Пуля, ударившись о кирпич трубы, обдала пылью осыпавшейся известки и заставила спрятать голову. Труба была хорошей мишенью. Правда, за нею нас не могли достать прямые выстрелы, но зато и мы должны были сидеть не высовываясь. Если бы не приказание Шебалова следить за Хамурской дорогой, мы спустились бы вниз. Беспорядочная перестрелка перешла в огневой бой. Разрозненные винтовочные выстрелы белых стихали, и начинали строчить пулеметы. Под прикрытием их огня неровная цепь передвигалась на несколько десятков шагов и ложилась опять. Тогда стихали пулеметы, и опять начиналась ружейная перестрелка. Так постепенно, с упорством, доказывавшим хорошую дисциплину и выучку, белые подвигались все ближе и ближе.
— Крепкие, черти, — пробормотал Чубук, — так и лезут в дамки. Не похоже что-то на жихаревцев. Уж не немцы ли это?
— Чубук! — закричал я. — Смотри-ка на Хамурскую, там возле опушки что-то движется.
— Где?
— Да не там… Правей смотри. Прямо через пруд смотри… Вот! — крикнул я, увидев, как на опушке блеснуло что-то, похожее на вспышку солнечного луча, отраженного в осколке стекла.

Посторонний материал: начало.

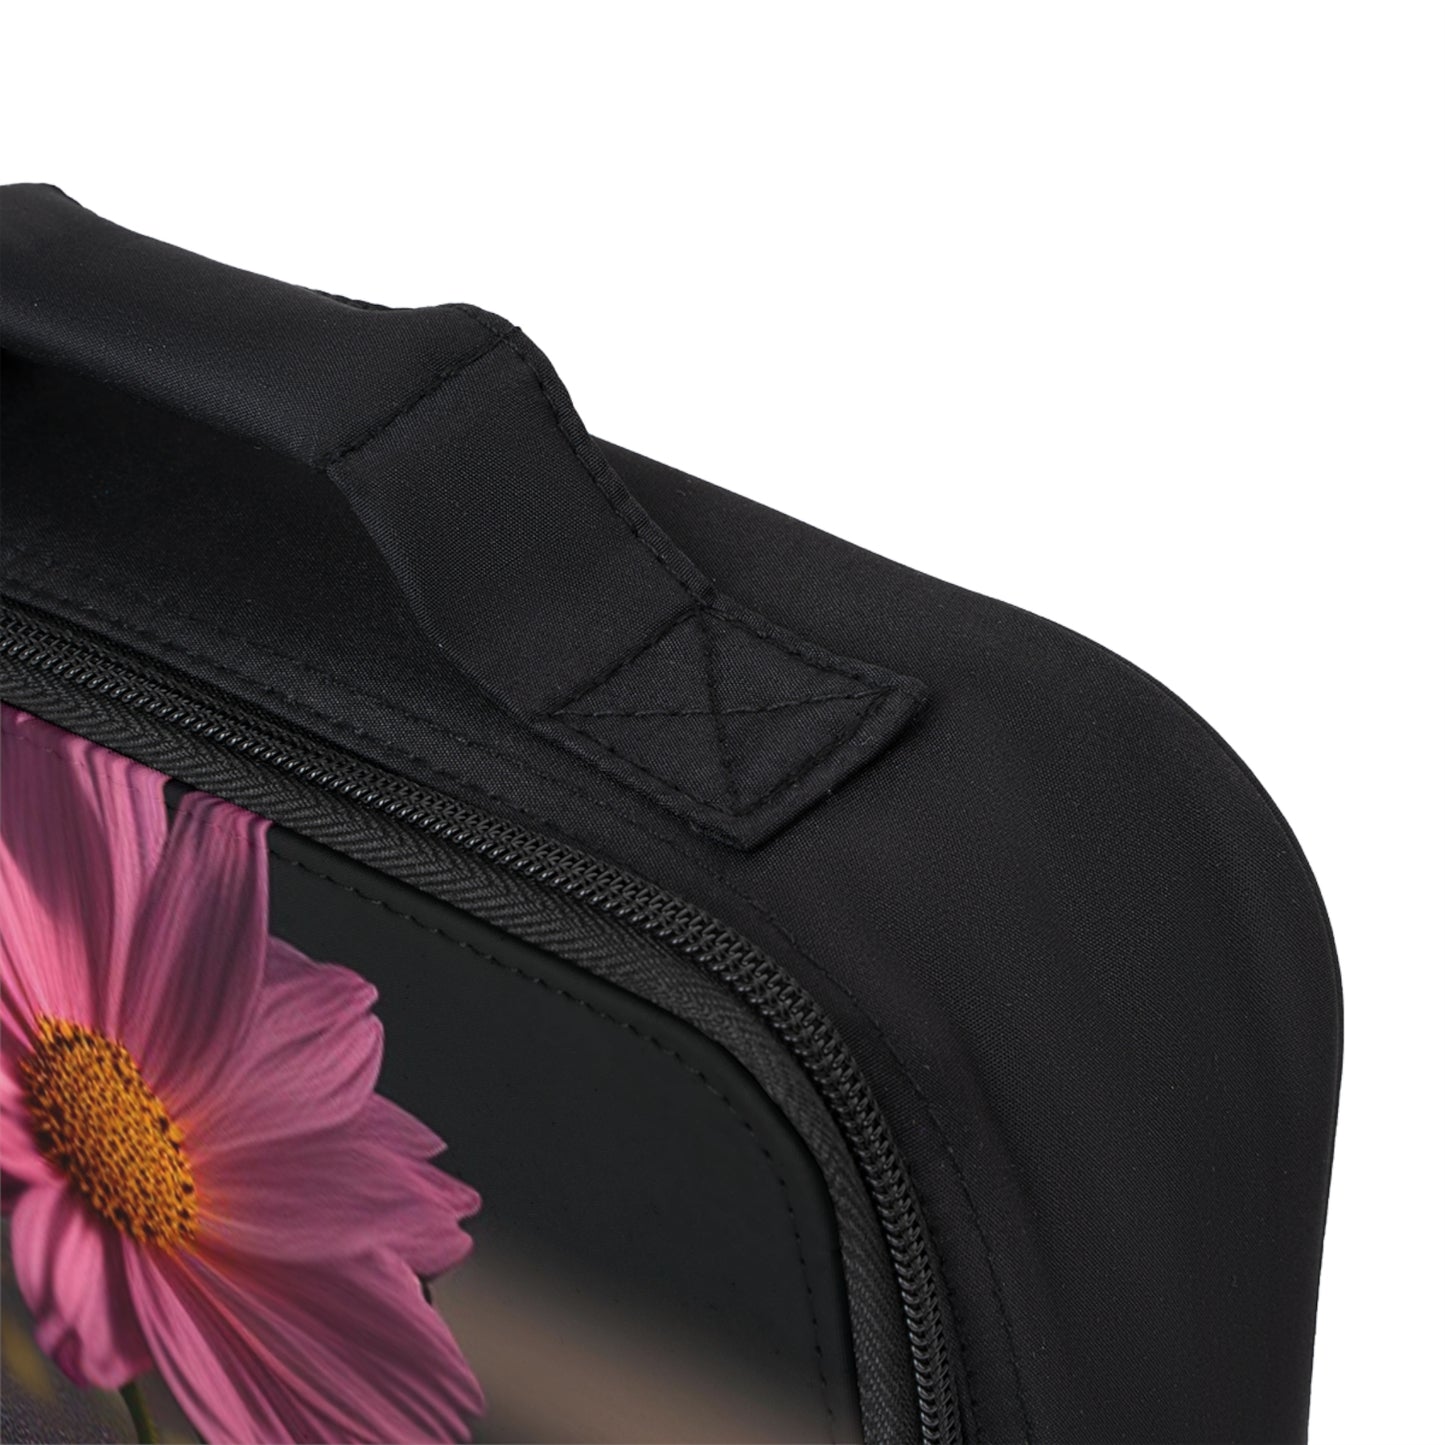 Lunch Bag Pink Daisy 4

В воздухе послышалось странное звучание, похожее на хрипение лошади, которой перервало горло. Хрип превратился в гул. Воздух зазвенел, как надтреснутый церковный колокол; что-то грохнуло сбоку. В первое мгновение показалось мне, что где-то здесь, совсем рядом со мной, коричневая молния вырвалась из клубов дыма и черной пыли, воздух вздрогнул и упруго, как волна теплой воды, толкнул меня в спину. Когда я открыл глаза, то увидел, что в огороде сухая солома крыши взорванного сарая горит бледным, почти не видимым на солнце огнем.
Второй снаряд разорвался на грядках.
— Слазим, — сказал Чубук, поворачивая ко мне серое, озабоченное лицо. — Слазим, напоролись-таки; кажется, это не жихаревцы, а немцы. На Хамурской — батарея.
Первый, кто попался мне на опушке, — это маленький красноармеец, прозванный Хорьком.
Он сидел на траве и австрийским штыком распарывал рукав окровавленной гимнастерки. Винтовка его с открытым затвором, из-под которого виднелась недовыброшенная стреляная гильза, валялась рядом.